Several dark I–V data with typical solar cell parameters were generated using Equation (2) to evaluate the accuracy of the two-diode parameter extraction program. An error of 0.1% was introduced during simulation to investigate how the algorithm would handle errors in the actual data. The simulated parameters were then extracted from the generated dark I–V data at different tolerance values. Figure 2 shows a sample generated and fitted dark I–V curve. When the extraction tolerance value was set to 0.1%, the resulting *R*^{2} value is almost equal to 1. This means that at that tolerance percentage, the extraction program was able to determine a set of parameters that resulted in a curve fit identical to the measured I–V curve. The simulated and extracted parameters of the sample curve are listed in Table 1. The average percentage errors of the extracted parameters at different tolerance values were also studied. The smallest errors were achieved when the tolerance was set between 0.001–0.1%. It was also in this range that most of the fitted curves obtained an *R*^{2} value equal to 1. When the tolerance was at 0.0001%, the average error was higher. This can be due to the error introduced to the generated data during simulation. At this tolerance percentage, the extracted parameters came closer to the 'pseudo-parameters' of the generated data, instead of converging to the values of the parameters indicated in the simulation program.

**Extraction results**

The dark I–V characteristics of one multicrystalline (MCSi) and four monocrystalline (CSi) silicon solar cells were obtained and the parameters of the two models were extracted using the methods presented. The extracted parameters of the five solar cells, the standard deviation and *R*^{2} values of the fitted curves are listed in Table 2. The measured and fitted dark I–V curves of CSi-3, using the one-diode and two-diode model parameter extraction programs, are plotted in Figs 3(a) and (b), respectively. The curve fit using the two-diode model has a higher *R*^{2} value and a lower standard deviation than the fit using the one-diode model. Figure 4 shows the measured and fitted dark I–V curves of (a) CSi-3 and (b) MCSi solar cells. The diffusion, recombination and shunt terms of the two-diode model are also plotted. The plots show that the recombination current D_{1} and the shunt current overlap with the measured I–V in the HCR and the low current region (LCR), respectively. This means that D_{1} dominates the HCR whereas shunting effects are more dominant in the LCR.

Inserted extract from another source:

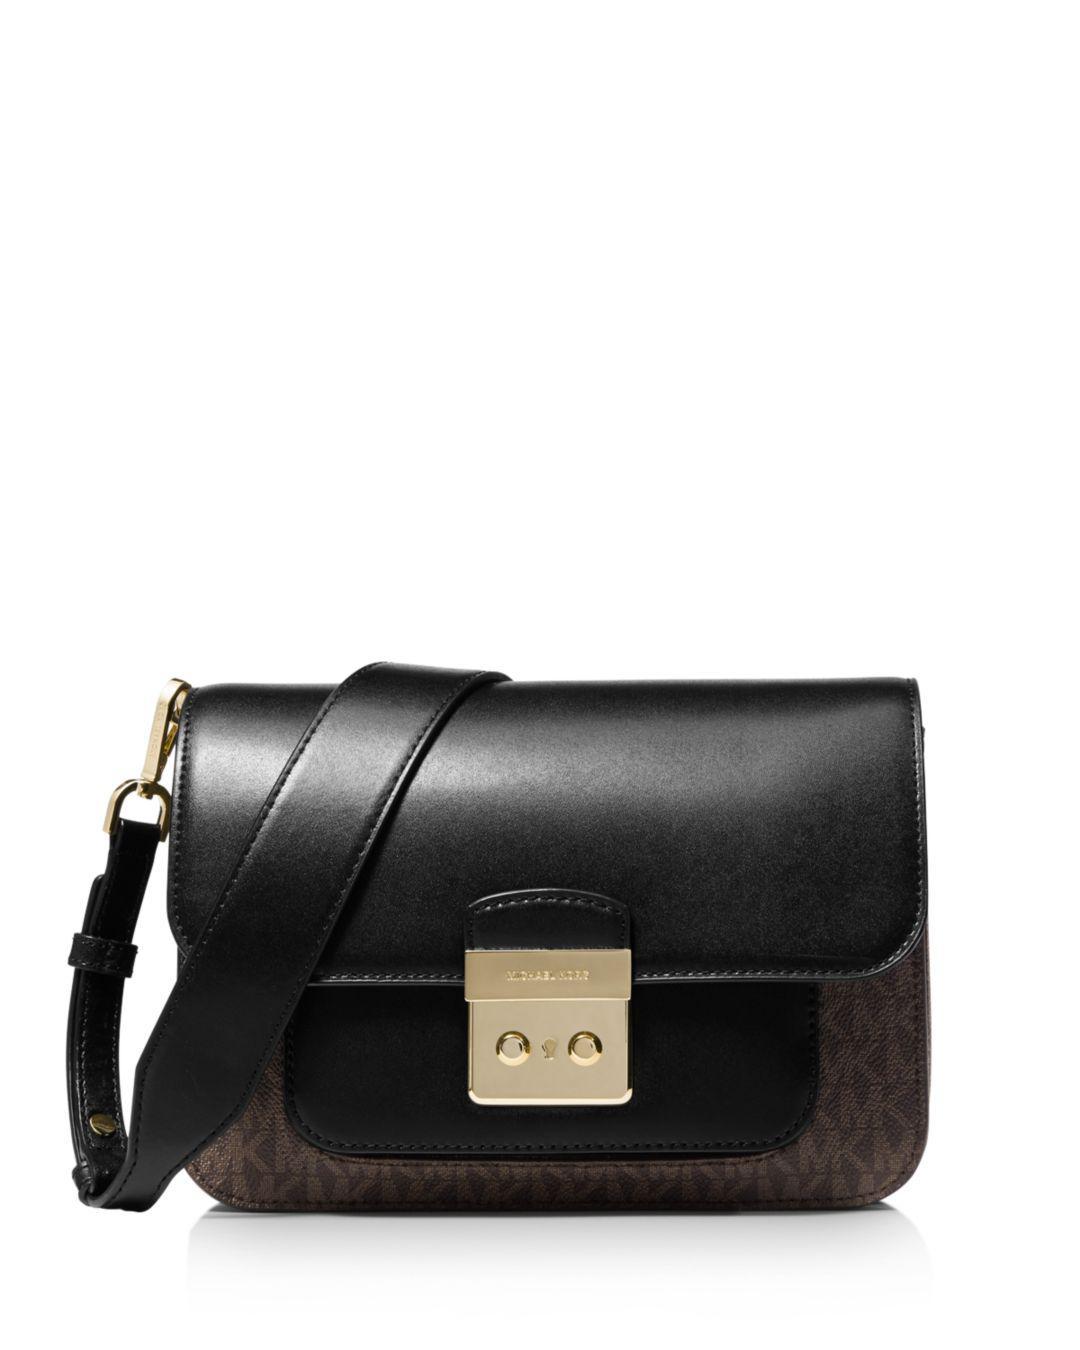 77c364ddb4f9 Michael Kors. Women s Black Michael Sloan Editor Signature Colorblock  Shoulder Bag

The relatively low *R*_{s} values (see Table 2) obtained from the five solar cell samples suggest that current losses are minimal, producing a steeper slope in the HCR. Except for CSi-2, the solar cell samples have very low shunt resistance, indicating high leakage current across the junction, which is the main contributor to the dark current. Analysis of the parameters extracted using the one-diode model gives us an overview of the general behaviour of the dark I–V curve. The parameters *R*_{sh}, *I*_{o} and *n* describe the curvature and slopes in the LCR, whereas *R*_{s} dictates the curvature of the HCR. Investigating the diode parameters, among the samples, CSi-1, CSi-2 and MCSi have idealities greater than 2. Kaminski *et al.*^{10} obtained dark I–V curves at various temperatures and determined whether a diffusion or recombination process dominated the solar cell's behaviour. An ideality factor as high as 5.5 was observed by the group. Idealities greater than 2 are attributed to recombination in the quasi-neutral region (QNR) due to trap-assisted tunnelling and field-assisted recombination. Another reason for the high ideality factors could be attributed to nonlinear contact resistance, which was not taken into account in the models. When the potential difference across the cell exceeds the thermal voltage (*kT*/*q*), the lump series resistance *R*_{s} in the model breaks down and the nonlinearity becomes apparent.^{11, 12} It is therefore possible that the resulting nonlinear series resistance at high voltages may have caused the increase in the ideality factors. Nonlinear series resistance can also be the reason for QNR recombination, which is predominant in CSi-1, CSi-2 and MCSi as signified by their ideality factors, whereas in CSi-3 and CSi-4, SCR recombination is the dominant mechanism.

The parameters of the exponential terms of the two-diode model indicate which of the processes govern the operation of the solar cell in the two regions of the curve. Since the extraction yielded low shunt resistances, this indicates that shunting dominates the solar cells especially in the LCR. The other parameters—saturation currents and diode ideality factors—provide the necessary information to explain the varying slopes of the LCR and the HCR, a prominent feature of the dark I–V curve. In CSi-1 and CSi-2, for instance, the high ideality factors (2.1–4.03) suggest that the dark I–V curves are characterized by QNR recombination. In CSi-3 and CSi-4, QNR recombination and SCR recombination govern the solar cells in the LCR and HCR, respectively. For the MCSi solar cell, *n*_{R} = 1.94 suggests SCR recombination in the LCR. However, the relatively high *I*_{o} value of 1.53 ×10^{–5} A and *n* of 2.15 indicate that QNR recombination dominates the entire dark I–V curve. Plotting the diffusion, recombination and shunt terms of the two-diode model confirms the analysis made based on the extracted parameters. In Fig. 4(a), the high *I*_{SR} and *n*_{R} of CSi-3 shows QNR recombination represented by D_{2} to dominate over SCR recombination in the LCR, whereas Fig. 4(b) shows that the current contribution of D_{1} in MCSi is greater than that of D_{2} throughout the dark I–V curve, as pointed out earlier. The magnitude of the dominant term in the LCR and in the HCR is the same as that of the measured dark current as demonstrated by the overlapping of the plots in Fig. 4. From the plots, we can see that the mechanism represented by D_{1} dominated both devices in the HCR. Also, the effect of shunting is observed in the graphs as its plot overlaps with the measured current in the LCR. This indicates that for devices with low shunt resistance, the leakage current is the main contributor to the dark current in the LCR.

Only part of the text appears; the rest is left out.